British musician and singer (1942–2012)

Alec Woodburn (5 May 1942 in Kettering, Northamptonshire, England - 6 February 2012 in Middlewich, England), known professionally as Jim King, was an original member of the British rock band Family. He played saxophone and harmonica, and sang occasional lead vocals on the band's first two albums, Music in a Doll's House and Family Entertainment. King also sang the entire lead vocal on "Observations From a Hill", a song on the latter album.

Jim, as he became known, formed James King and the Farinas (later just The Farinas), a blues based rock and roll group, with guitarist Charlie Whitney in Leicester in 1962. He sang the lead vocal on the group's single "You Better Stop" b/w "I Like it Like That". When Roger Chapman joined as vocalist in 1966, the group had begun to perform under the name The Roaring Sixties. The name Family was decided upon later.

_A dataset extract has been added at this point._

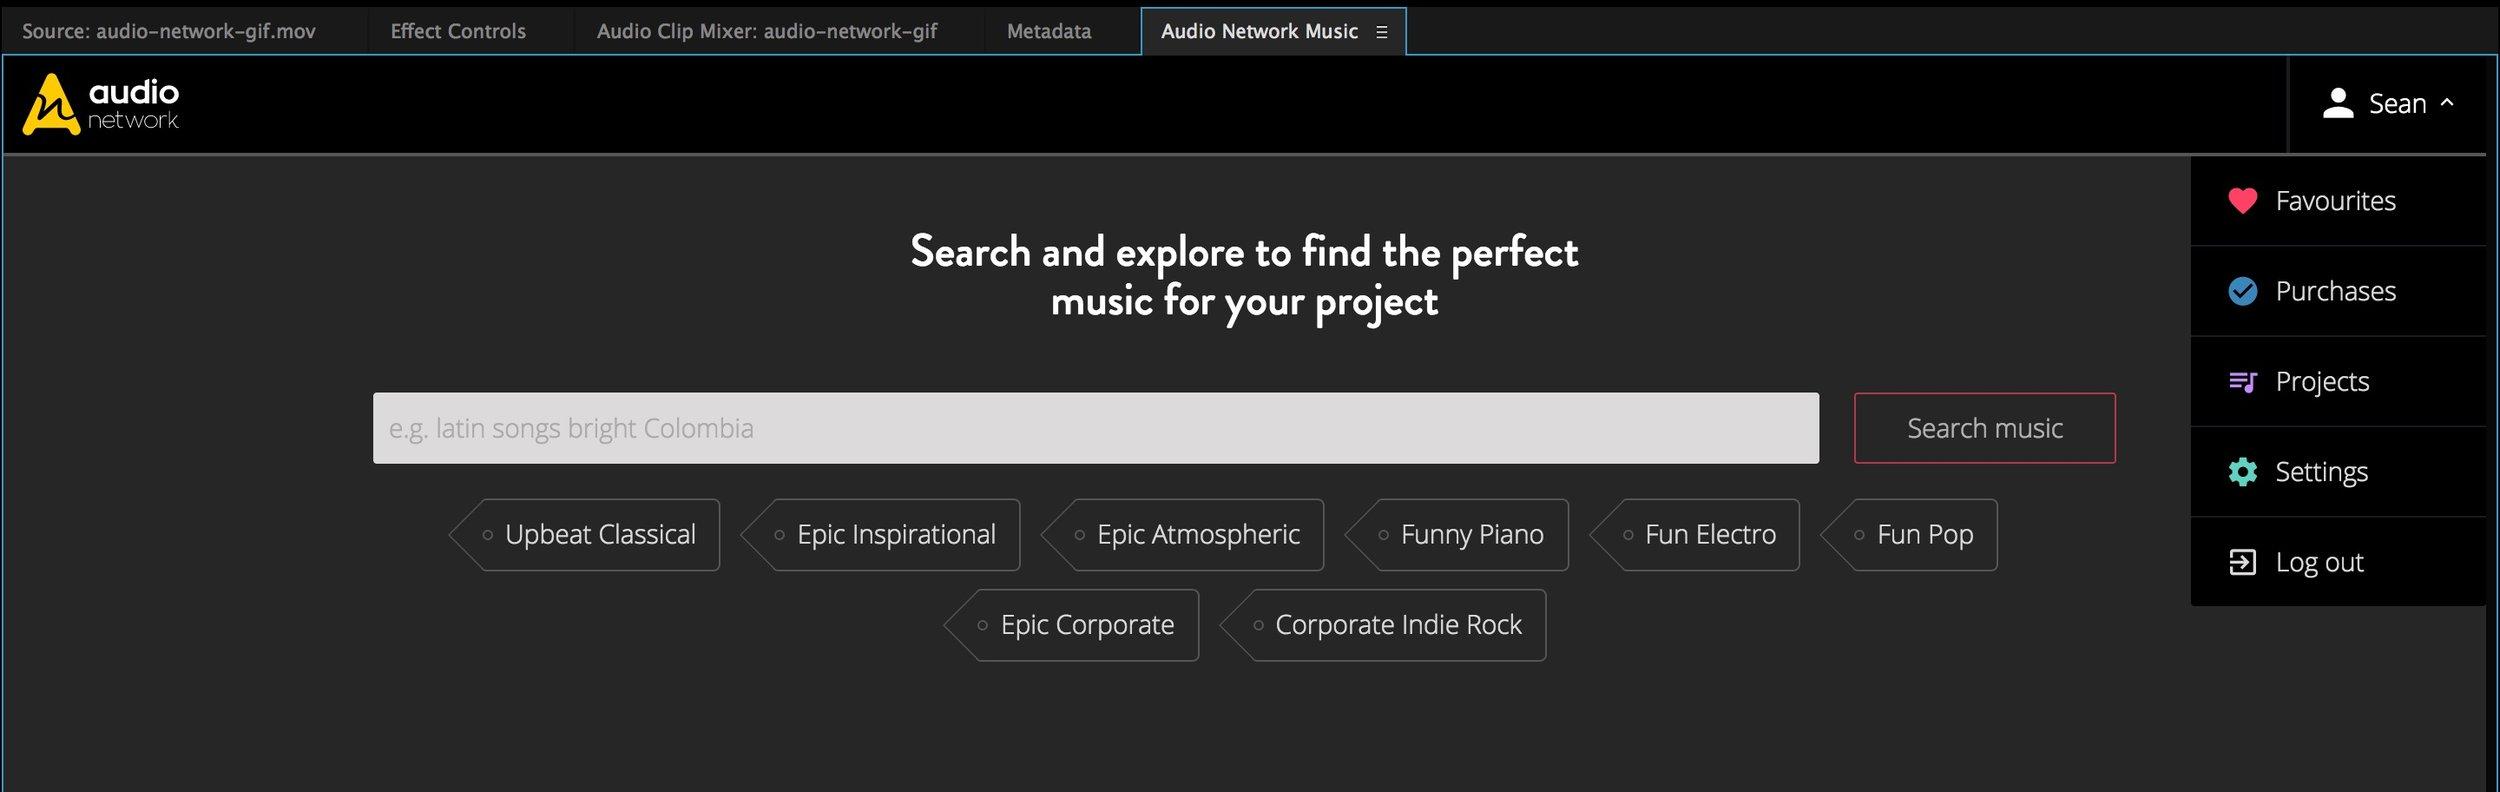 audio-network-premiere-pro-panel-home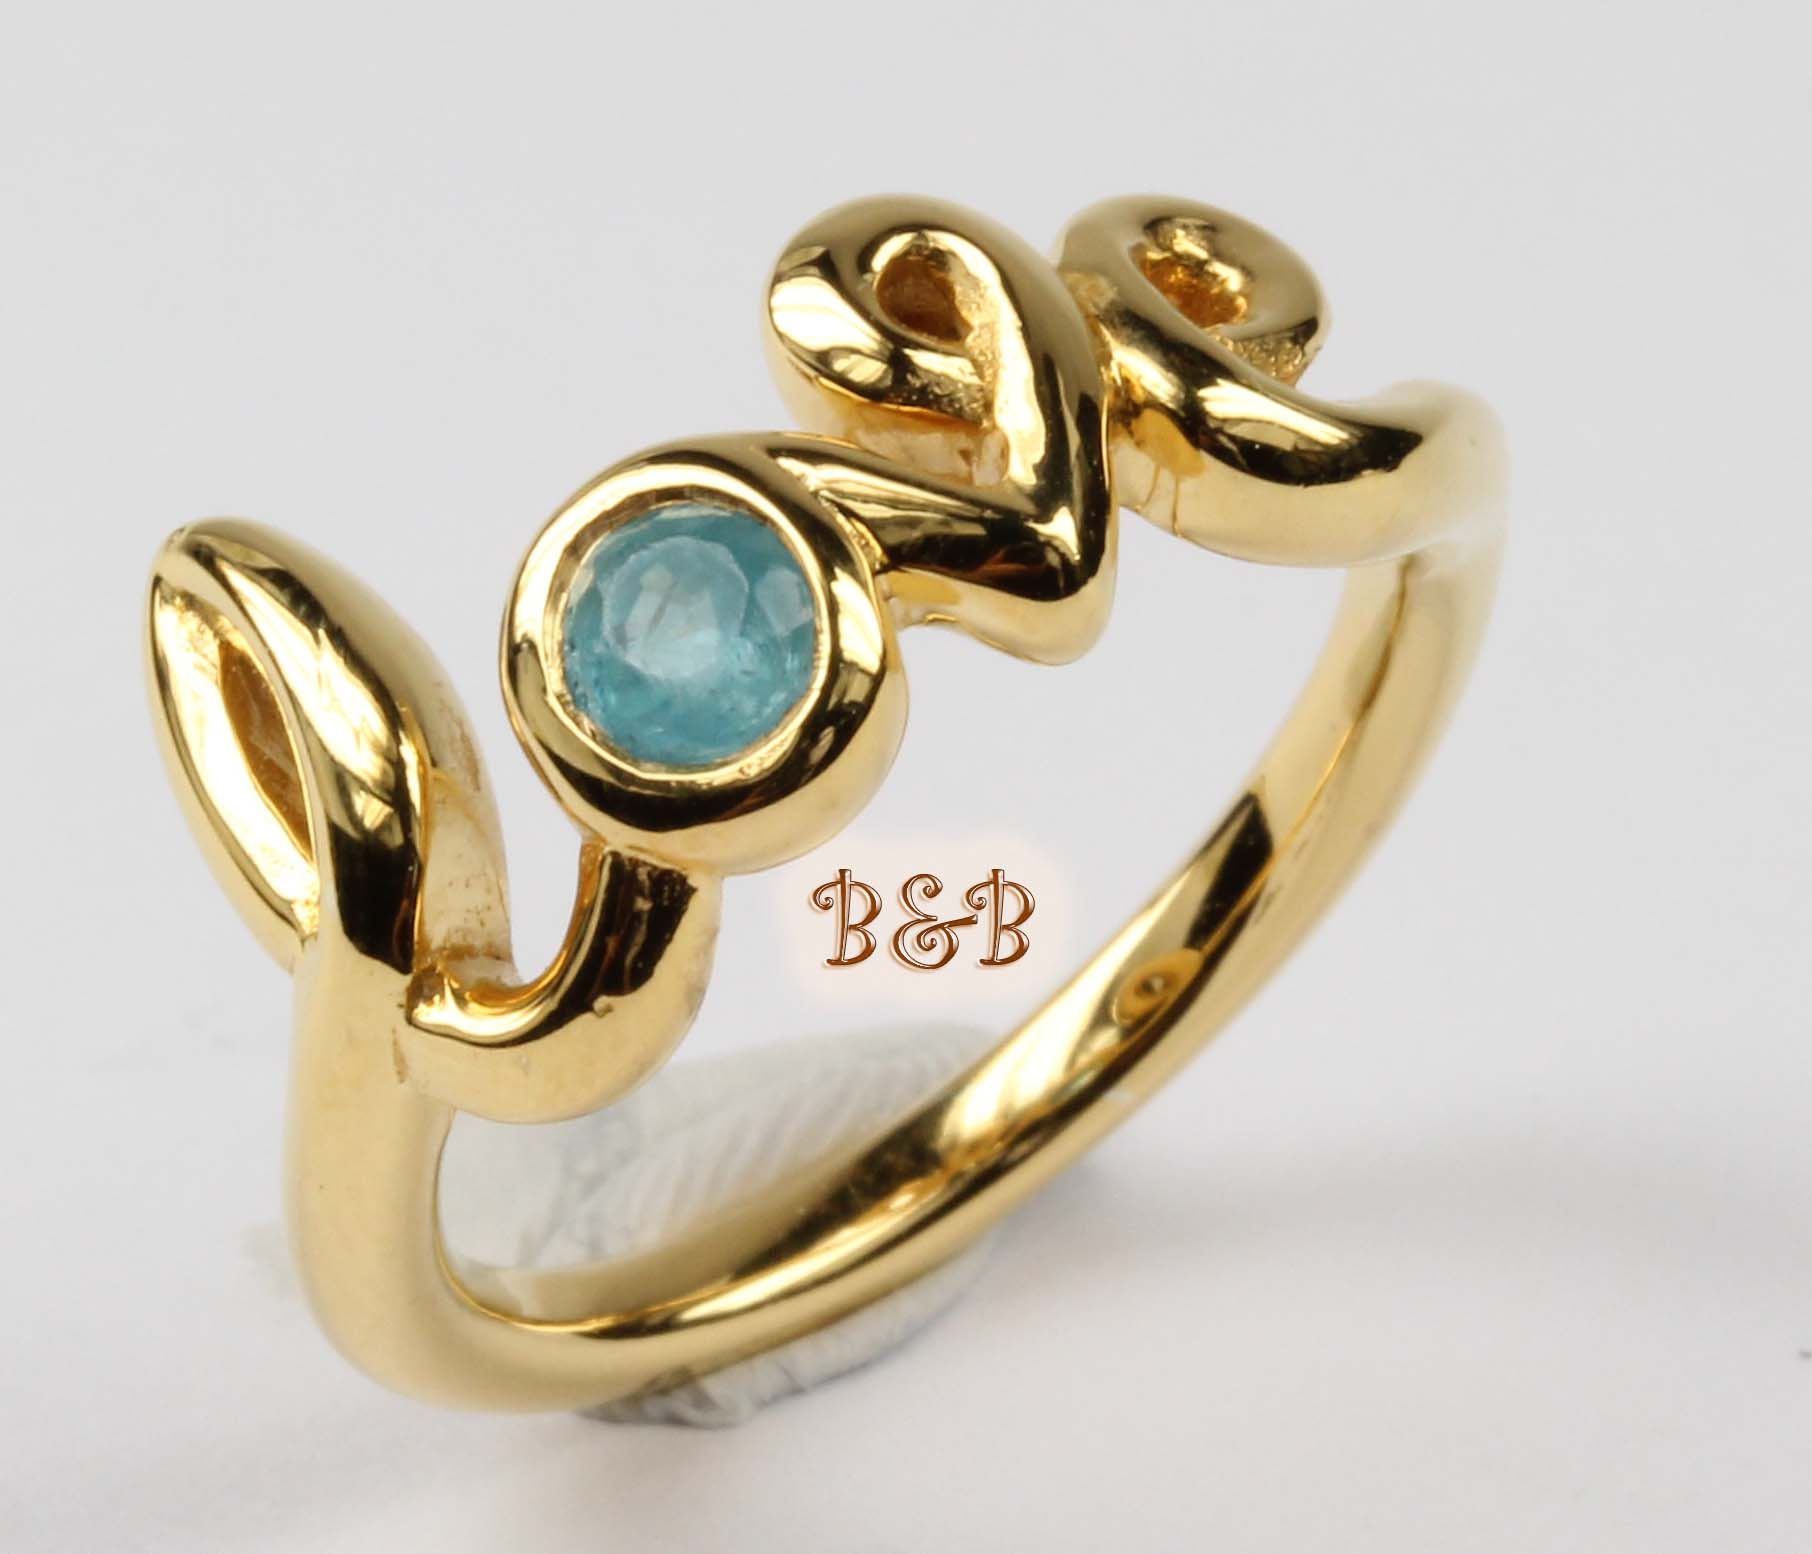 Silver ring_B&B_1710

King left Family in October 1969 owing to health problems and 'musical disagreements'. In addition to session work for Dave Mason and Gordon Jackson, he joined the jazz-rock band Ring of Truth for a brief period, doing a few gigs, then concentrated on composing and playing solo concerts, mostly classical sax with some jazz. In February 2012, he died while living in Cheshire, at the age of 69.